Provided material:
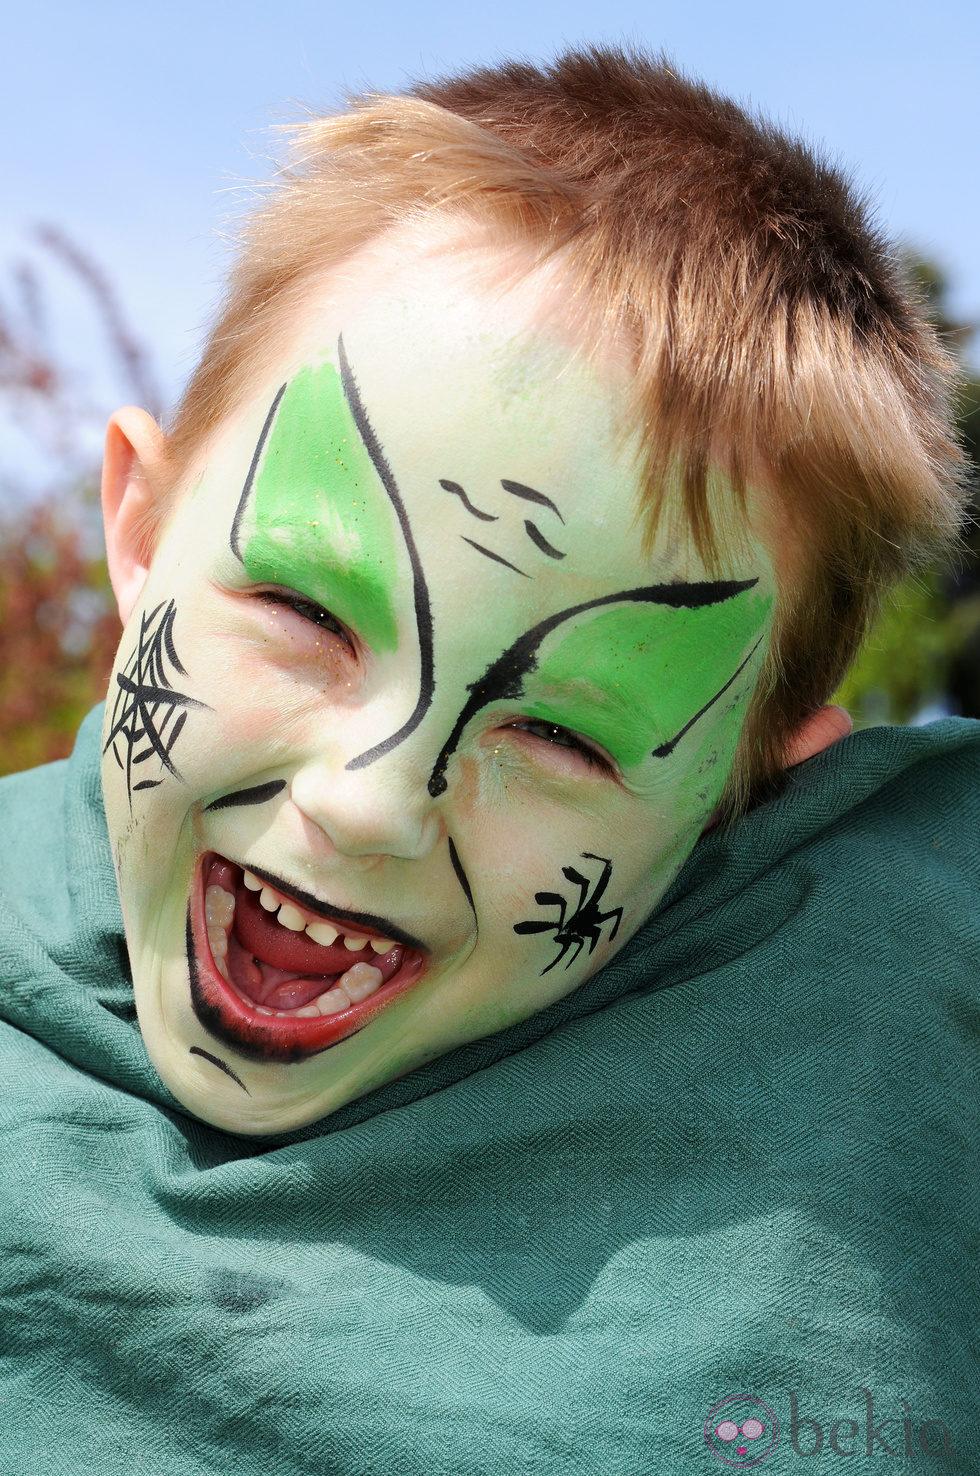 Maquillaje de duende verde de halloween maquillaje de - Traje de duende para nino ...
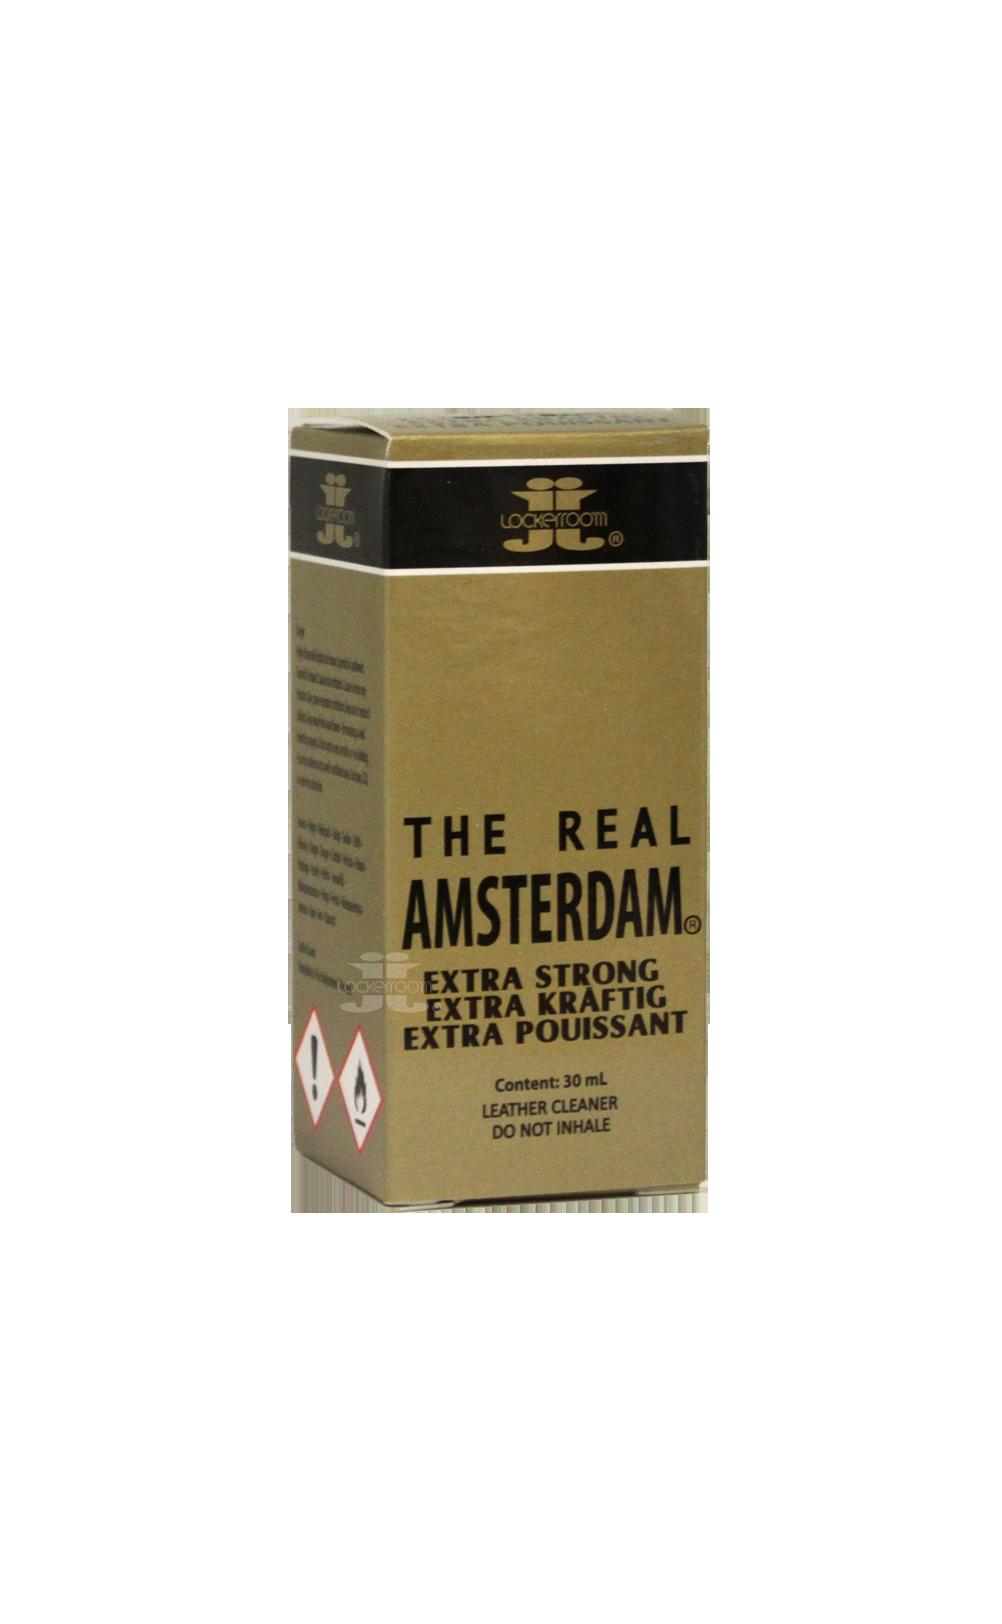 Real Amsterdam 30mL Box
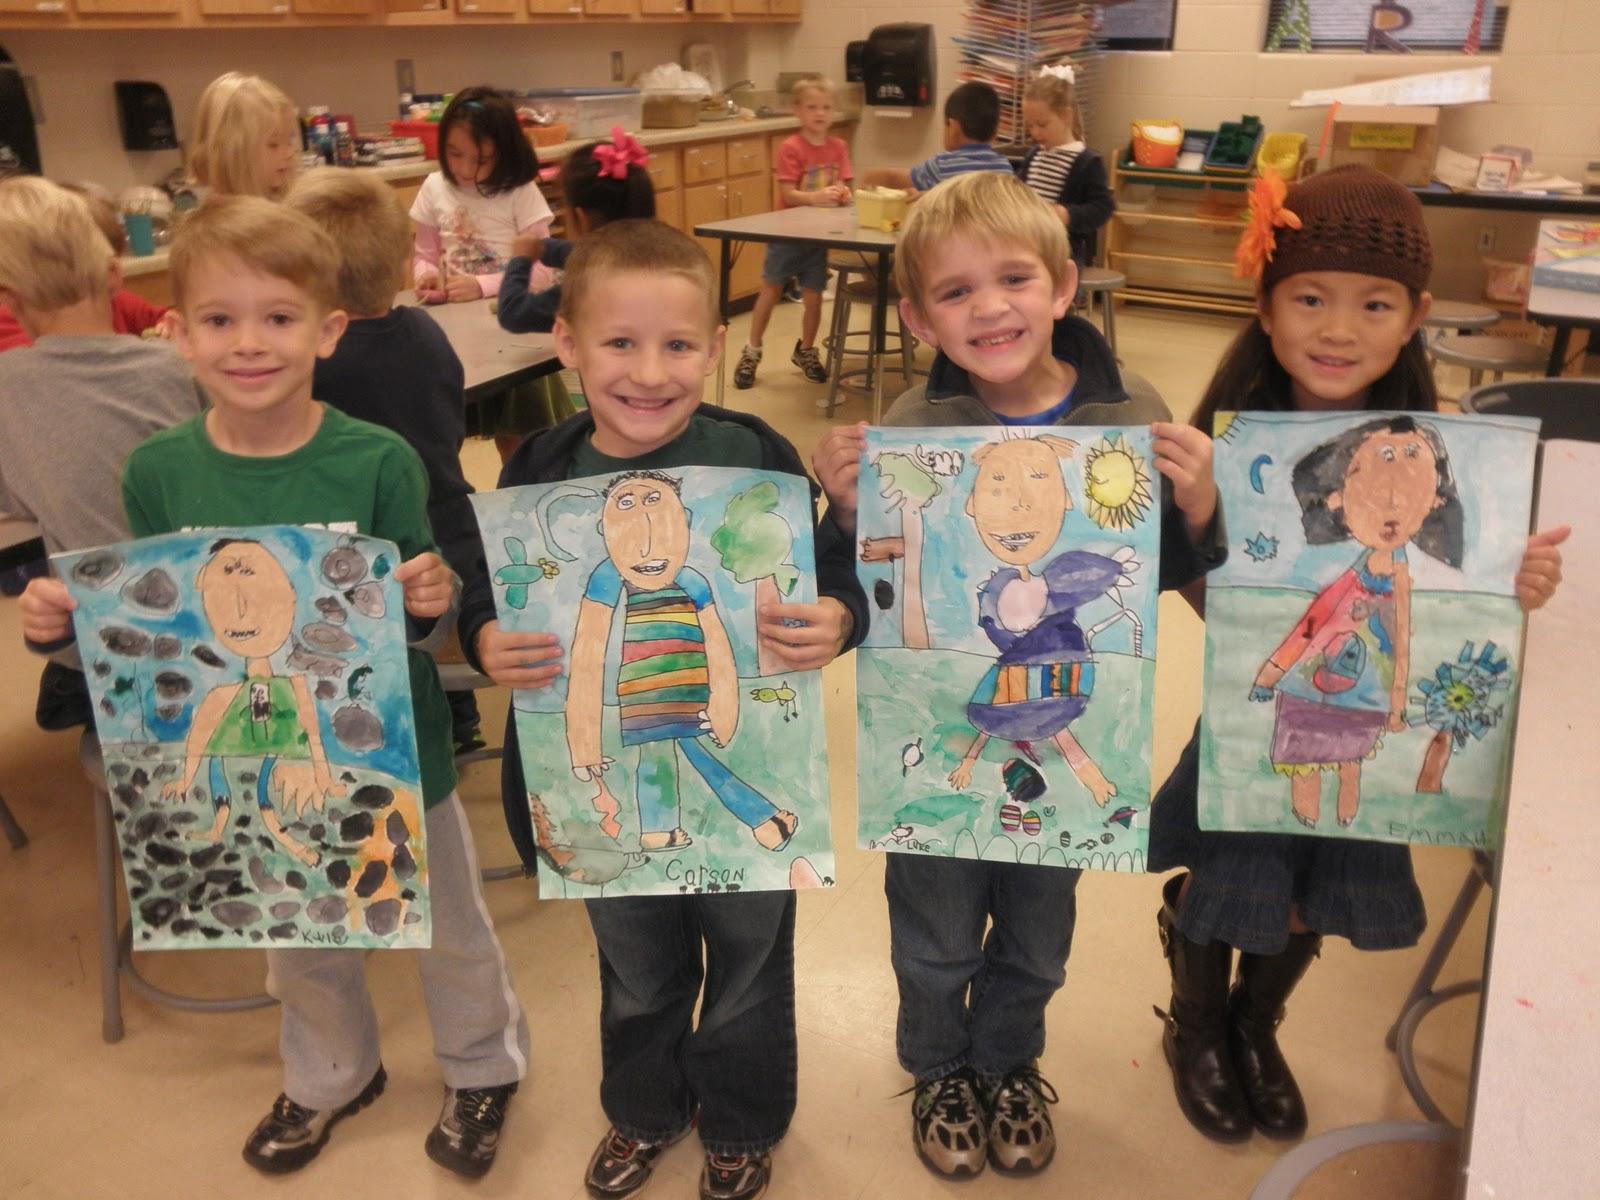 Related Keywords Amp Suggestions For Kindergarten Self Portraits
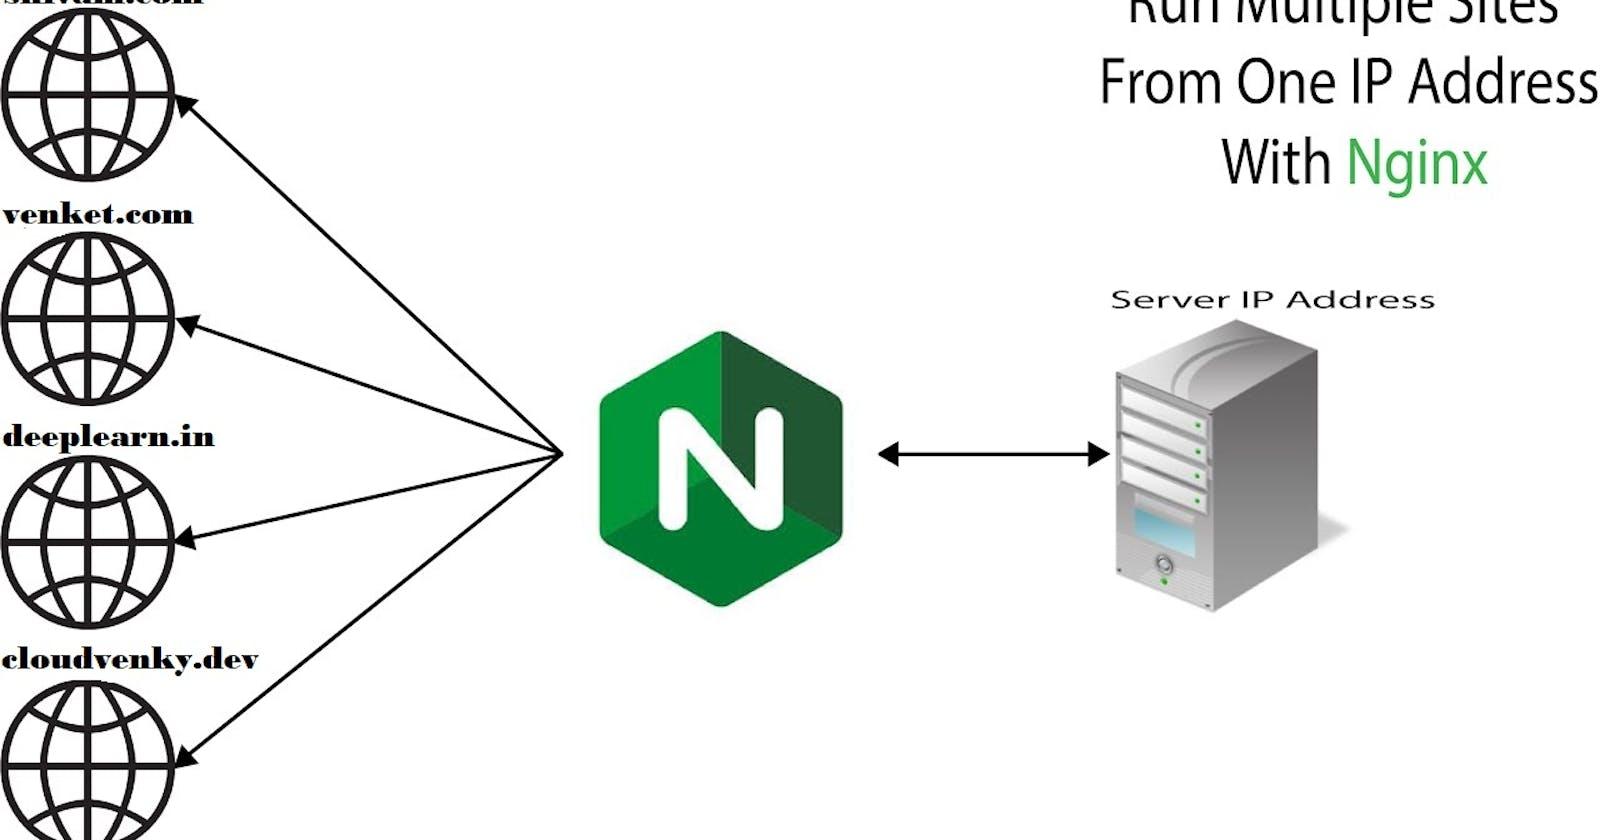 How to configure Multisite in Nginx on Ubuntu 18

Instructions for the task:
Please repeat the lines above from the line containing "Related Keywords Amp" through the final line, both included, exactly as they stand and without pictures.

Response box:
 Related Keywords Amp Suggestions For Kindergarten Self Portraits
 How to configure Multisite in Nginx on Ubuntu 18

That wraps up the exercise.